* **EXERCISE INSTRUCTIONS**:
Below are some entries. Repeat exactly the lines from the one with "LOYO Medical Kit" through the one with "25 Things You", and only those.

* **Dataset items**:
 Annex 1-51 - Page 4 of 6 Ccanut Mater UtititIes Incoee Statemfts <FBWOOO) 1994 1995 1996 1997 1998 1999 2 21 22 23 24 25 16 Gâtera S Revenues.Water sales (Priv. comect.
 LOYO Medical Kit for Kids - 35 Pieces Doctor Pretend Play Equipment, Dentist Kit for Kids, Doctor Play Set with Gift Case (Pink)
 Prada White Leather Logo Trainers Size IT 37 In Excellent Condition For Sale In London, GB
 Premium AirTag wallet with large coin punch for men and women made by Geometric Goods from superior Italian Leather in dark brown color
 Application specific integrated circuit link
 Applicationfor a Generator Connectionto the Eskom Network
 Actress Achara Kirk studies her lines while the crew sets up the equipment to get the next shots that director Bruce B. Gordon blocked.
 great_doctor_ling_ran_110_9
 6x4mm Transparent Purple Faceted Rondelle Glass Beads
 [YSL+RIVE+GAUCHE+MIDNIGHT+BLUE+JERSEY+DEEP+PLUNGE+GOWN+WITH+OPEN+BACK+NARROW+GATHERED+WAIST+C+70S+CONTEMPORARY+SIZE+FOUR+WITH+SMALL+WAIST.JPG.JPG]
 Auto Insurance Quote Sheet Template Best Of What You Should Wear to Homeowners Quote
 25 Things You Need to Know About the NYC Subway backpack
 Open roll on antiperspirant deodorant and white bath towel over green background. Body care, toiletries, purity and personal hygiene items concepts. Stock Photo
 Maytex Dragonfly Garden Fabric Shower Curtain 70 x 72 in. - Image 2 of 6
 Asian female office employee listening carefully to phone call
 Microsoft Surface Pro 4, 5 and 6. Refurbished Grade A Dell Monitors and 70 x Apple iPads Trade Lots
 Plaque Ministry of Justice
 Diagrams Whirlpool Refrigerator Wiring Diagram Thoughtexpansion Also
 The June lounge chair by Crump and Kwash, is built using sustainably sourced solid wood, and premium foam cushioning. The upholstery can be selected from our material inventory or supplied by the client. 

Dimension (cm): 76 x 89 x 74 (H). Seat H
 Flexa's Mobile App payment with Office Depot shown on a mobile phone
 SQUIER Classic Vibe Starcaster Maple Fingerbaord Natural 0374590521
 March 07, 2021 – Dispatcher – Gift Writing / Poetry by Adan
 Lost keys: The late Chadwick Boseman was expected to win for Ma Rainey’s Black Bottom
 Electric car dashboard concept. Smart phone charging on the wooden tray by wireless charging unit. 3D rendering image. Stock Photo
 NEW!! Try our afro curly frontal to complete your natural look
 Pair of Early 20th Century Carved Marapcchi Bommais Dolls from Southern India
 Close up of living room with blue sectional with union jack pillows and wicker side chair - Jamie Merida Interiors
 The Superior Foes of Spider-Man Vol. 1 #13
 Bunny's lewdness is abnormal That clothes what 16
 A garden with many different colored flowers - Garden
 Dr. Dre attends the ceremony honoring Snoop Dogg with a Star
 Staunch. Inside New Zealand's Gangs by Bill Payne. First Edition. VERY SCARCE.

* **EXERCISE SOLUTION**:
 LOYO Medical Kit for Kids - 35 Pieces Doctor Pretend Play Equipment, Dentist Kit for Kids, Doctor Play Set with Gift Case (Pink)
 Prada White Leather Logo Trainers Size IT 37 In Excellent Condition For Sale In London, GB
 Premium AirTag wallet with large coin punch for men and women made by Geometric Goods from superior Italian Leather in dark brown color
 Application specific integrated circuit link
 Applicationfor a Generator Connectionto the Eskom Network
 Actress Achara Kirk studies her lines while the crew sets up the equipment to get the next shots that director Bruce B. Gordon blocked.
 great_doctor_ling_ran_110_9
 6x4mm Transparent Purple Faceted Rondelle Glass Beads
 [YSL+RIVE+GAUCHE+MIDNIGHT+BLUE+JERSEY+DEEP+PLUNGE+GOWN+WITH+OPEN+BACK+NARROW+GATHERED+WAIST+C+70S+CONTEMPORARY+SIZE+FOUR+WITH+SMALL+WAIST.JPG.JPG]
 Auto Insurance Quote Sheet Template Best Of What You Should Wear to Homeowners Quote
 25 Things You Need to Know About the NYC Subway backpack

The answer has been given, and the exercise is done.